Когда его голос прозвучал в телефонной трубке, я понял, что беды и опасности, через которые мне пришлось пройти за последние дни, были не зря, что мне воздано за них полной мерой. И вот теперь я прячусь в этой убогой комнате, моя карьера разрушена, скоро за мной начнется охота, и я понятия не имею, что делать дальше. Если я был прав в отношении Скэтлиффа, то, похоже, угодил в хитроумно расставленную ловушку.
Если же я ошибся, то мне не стоит ожидать пощады, и он с радостью засадит меня за решетку до конца моих дней. Моя единственная спасительная сила в данный момент заключалась в том факте, что два человека, Ирвинг и Каравенов, считали, что я мертв. Моя смерть была в интересах Ирвинга, но никак не меньше меня тревожил и Каравенов. Он как бы оставался над схваткой, чтобы присоединиться к той стороне, которая, по его мнению, будет выигрывать. Если придется спасаться бегством, то ради сохранения своей жизни его я убью первым.
Но я знал, что это безумная идея. Я не хотел прожить остаток жизни в шкуре беглого преступника. Должен же найтись какой-то выход из этой чертовой ситуации! Возможно, и найдется, если думать долго и достаточно сосредоточенно. Я не был убежден в этом, но чувствовал, что мне придется пойти на какую-то сделку.
Я долго сидел в ночи, давя в пепельнице окурок за окурком. То была тягучая, нескончаемая, одинокая ночь, и, когда забрезжил серый мутный рассвет, я ненадолго задремал, потом проснулся. В конечном счете я понял, что больше так не могу. Я надел пальто и вышел на бодрящий холодный воздух.
Нью-Йорк – странное место. Он практически никогда не спит. Когда кто-то еще спит, кто-то другой встает и отправляется на работу.

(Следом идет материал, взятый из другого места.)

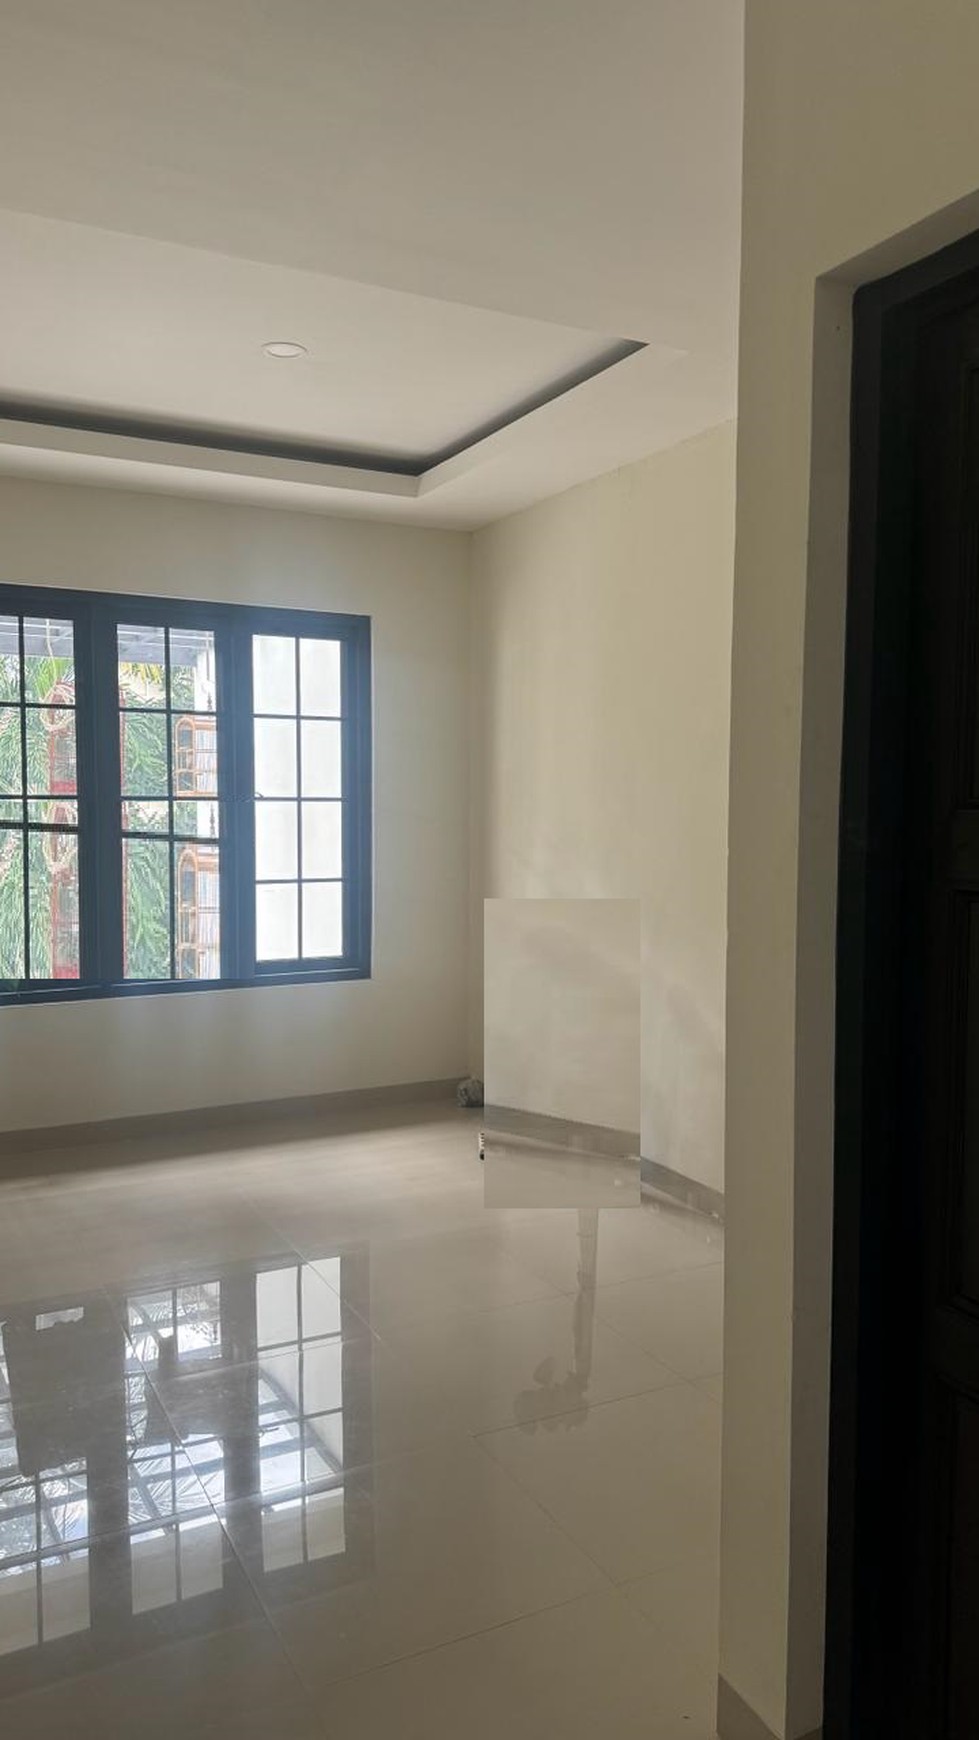 Rumah Brand New 2 Lantai Siap Huni di Graha Bintaro

В пять часов утра здесь можно купить подержанный автомобиль, новый костюм или продукты на целую неделю. Возможно, не так легко, как в пять часов дня, но все равно достаточно легко.
Я прошелся по улицам. До Рождества оставалось уже меньше недели. В окнах домов виднелась елочная канитель и веселые огоньки иллюминации. Я ощущал усталость и печаль, я переживал множество других эмоций и совсем не хотел находиться в этом городе и заниматься этим делом.

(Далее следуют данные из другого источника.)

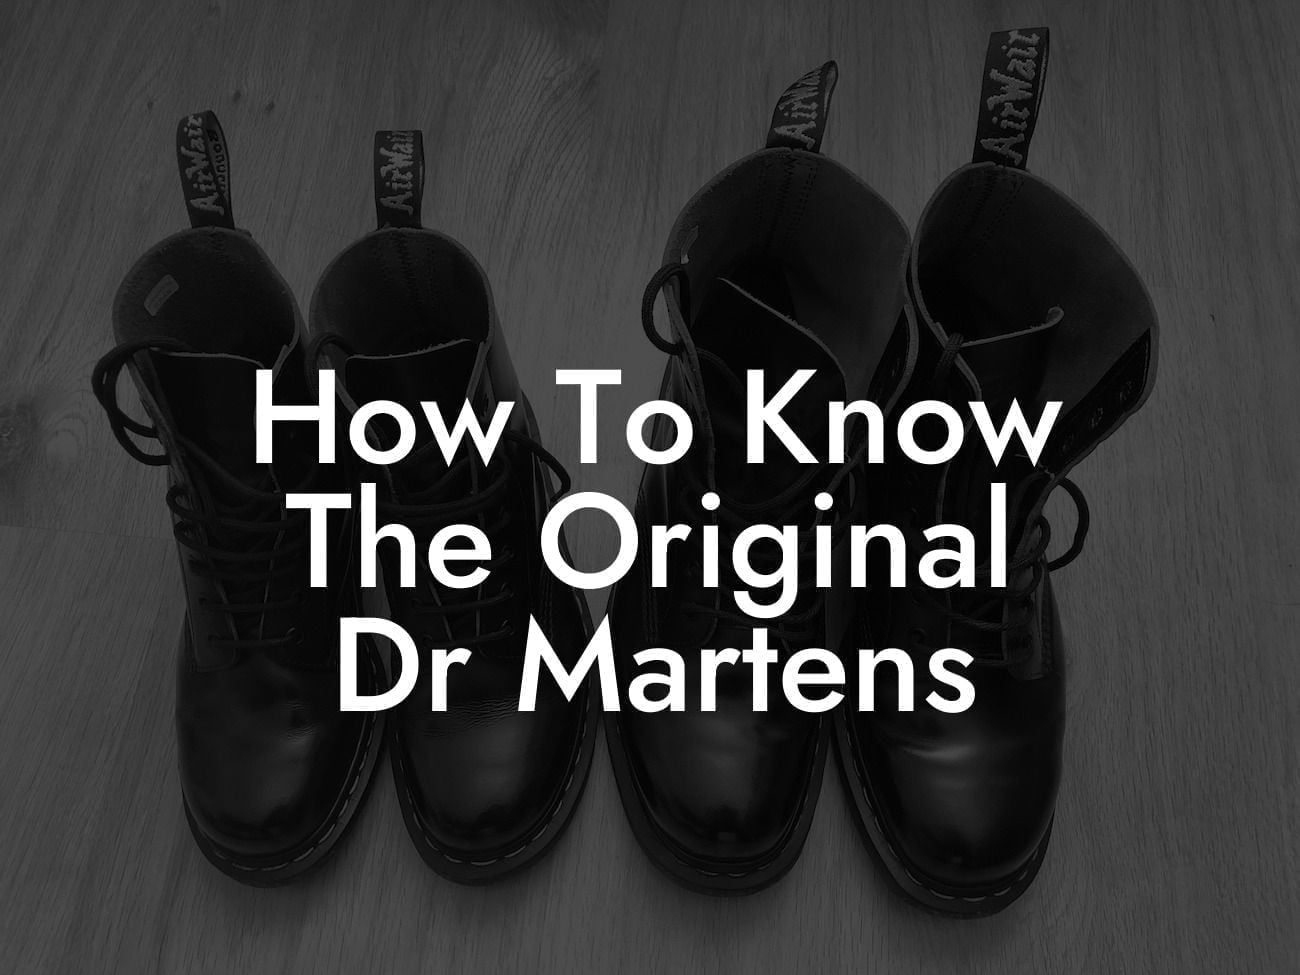 How To Know The Original Dr Martens

Вспомнил, что натворил накануне, и удивился: неужели и взаправду я? Если это действительно моих рук дело, то почему я беспечно брожу по улицам, заглядываю в окна и витрины, вспоминаю праздники Рождества моего детства, не испытывая угрызений совести, не чувствуя за собой вины за вчерашний взрыв в лифте, за смерть человека.